» **Exercise prompt**:
Repeat the data in full. Drop every picture.

» **The data**:

----------------

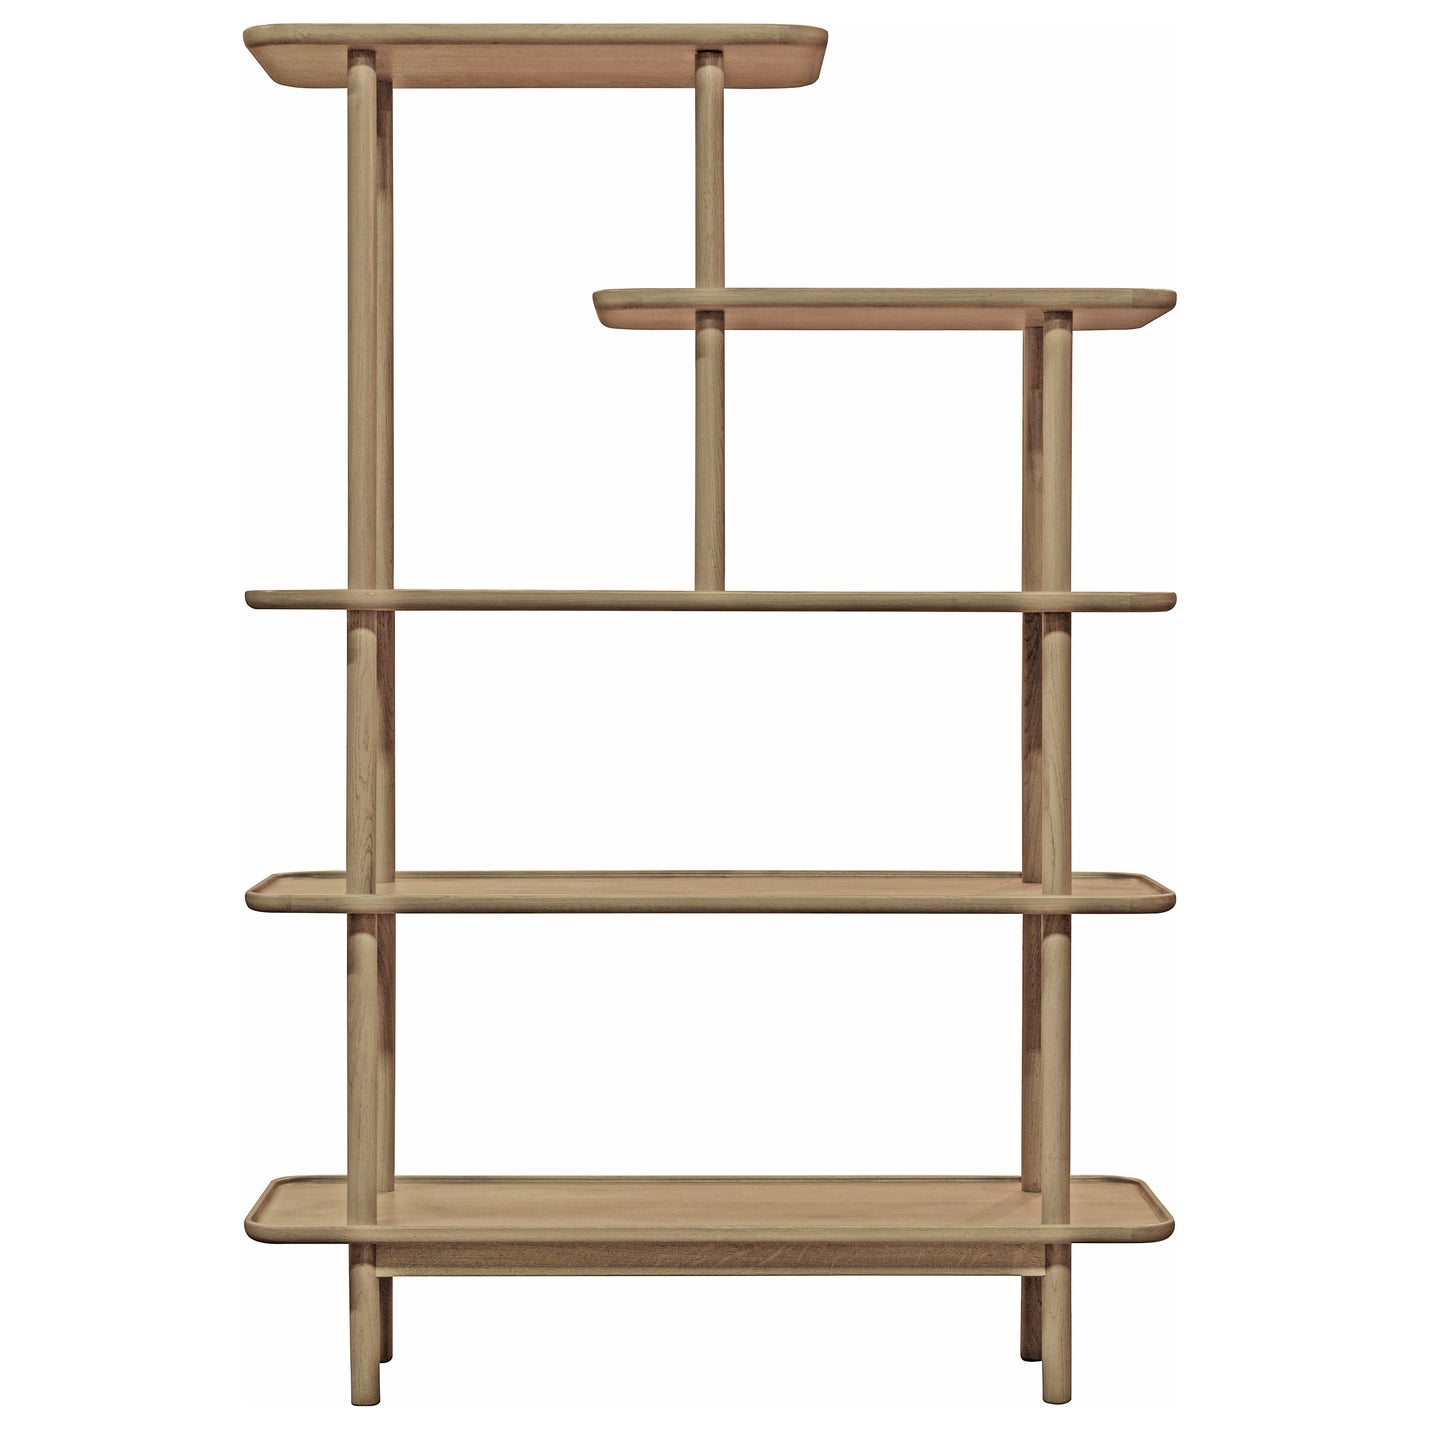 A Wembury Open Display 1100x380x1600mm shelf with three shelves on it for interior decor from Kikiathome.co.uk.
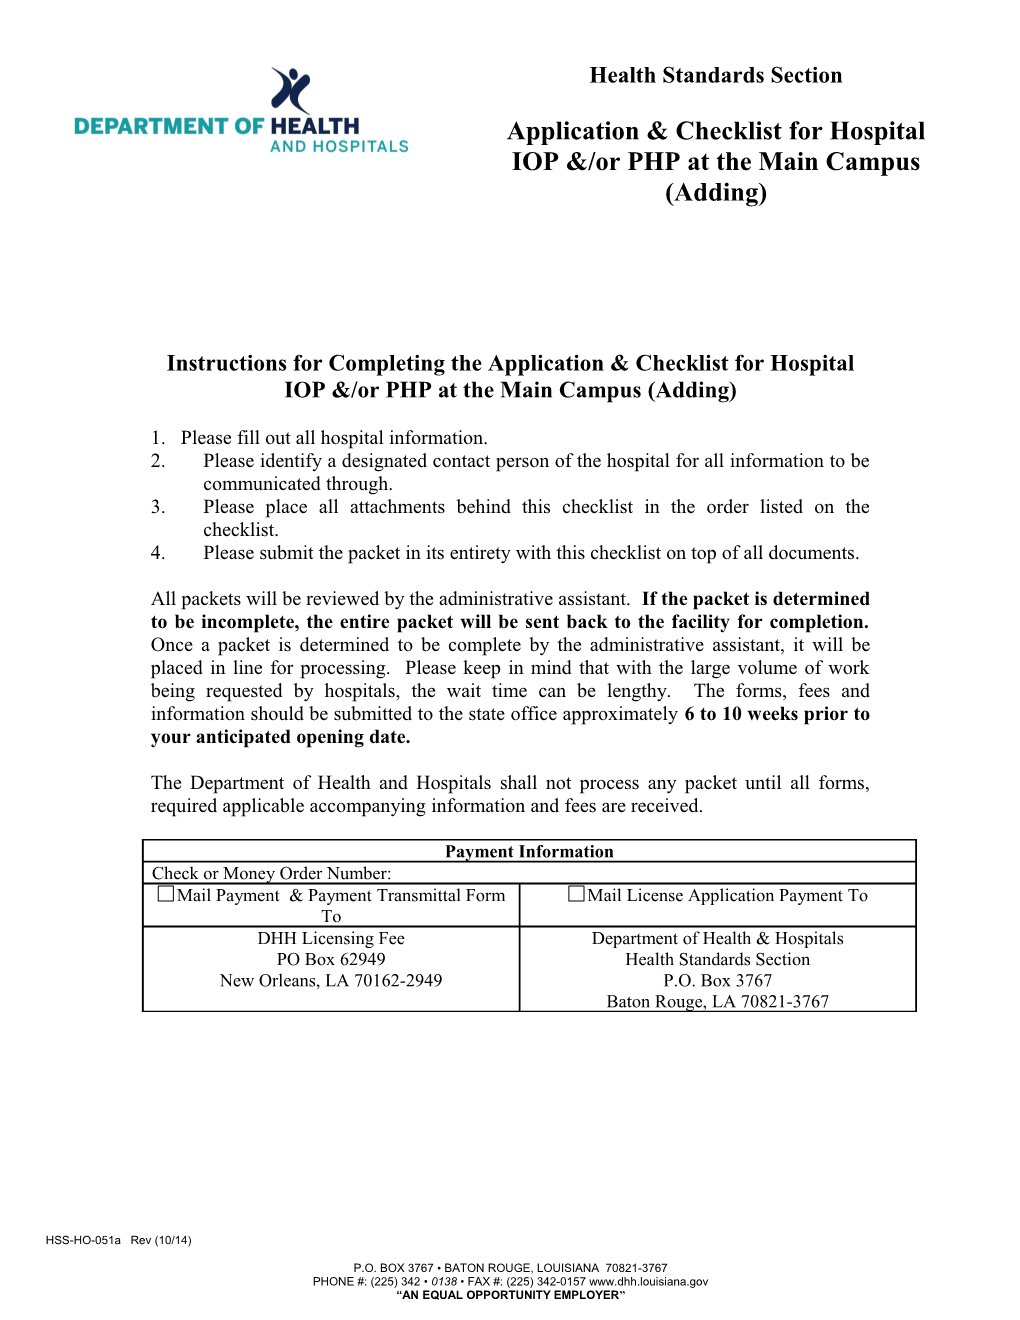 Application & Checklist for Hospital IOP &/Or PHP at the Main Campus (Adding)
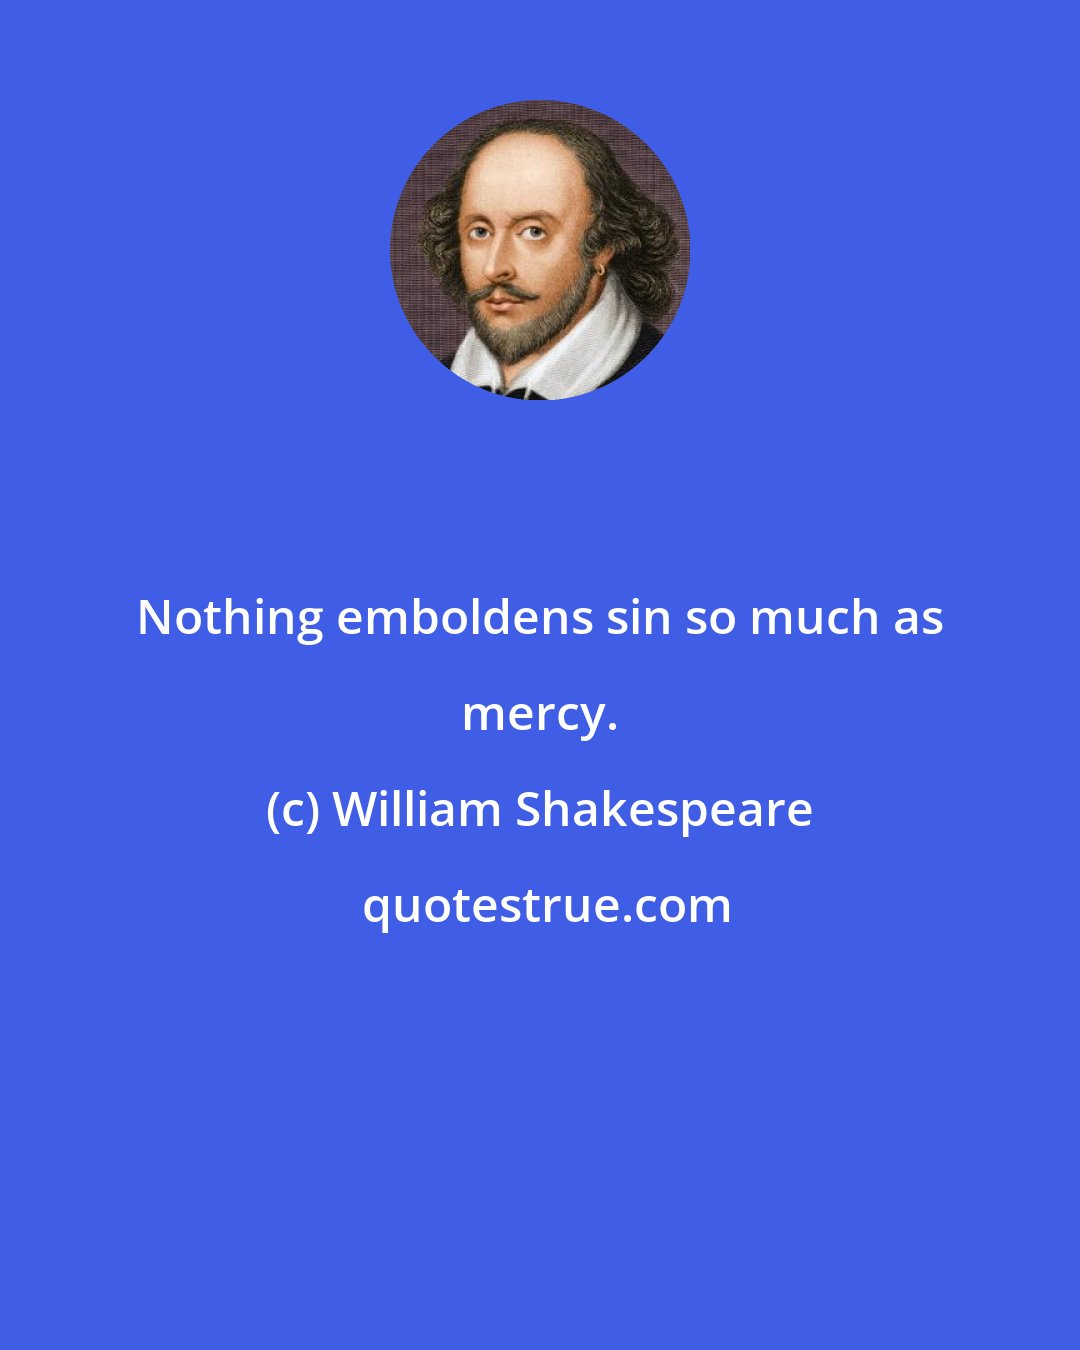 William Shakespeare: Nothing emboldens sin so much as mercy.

----------------

» **Output of the exercise**:
 A Wembury Open Display 1100x380x1600mm shelf with three shelves on it for interior decor from Kikiathome.co.uk.
 Application & Checklist for Hospital IOP &/Or PHP at the Main Campus (Adding)
 William Shakespeare: Nothing emboldens sin so much as mercy.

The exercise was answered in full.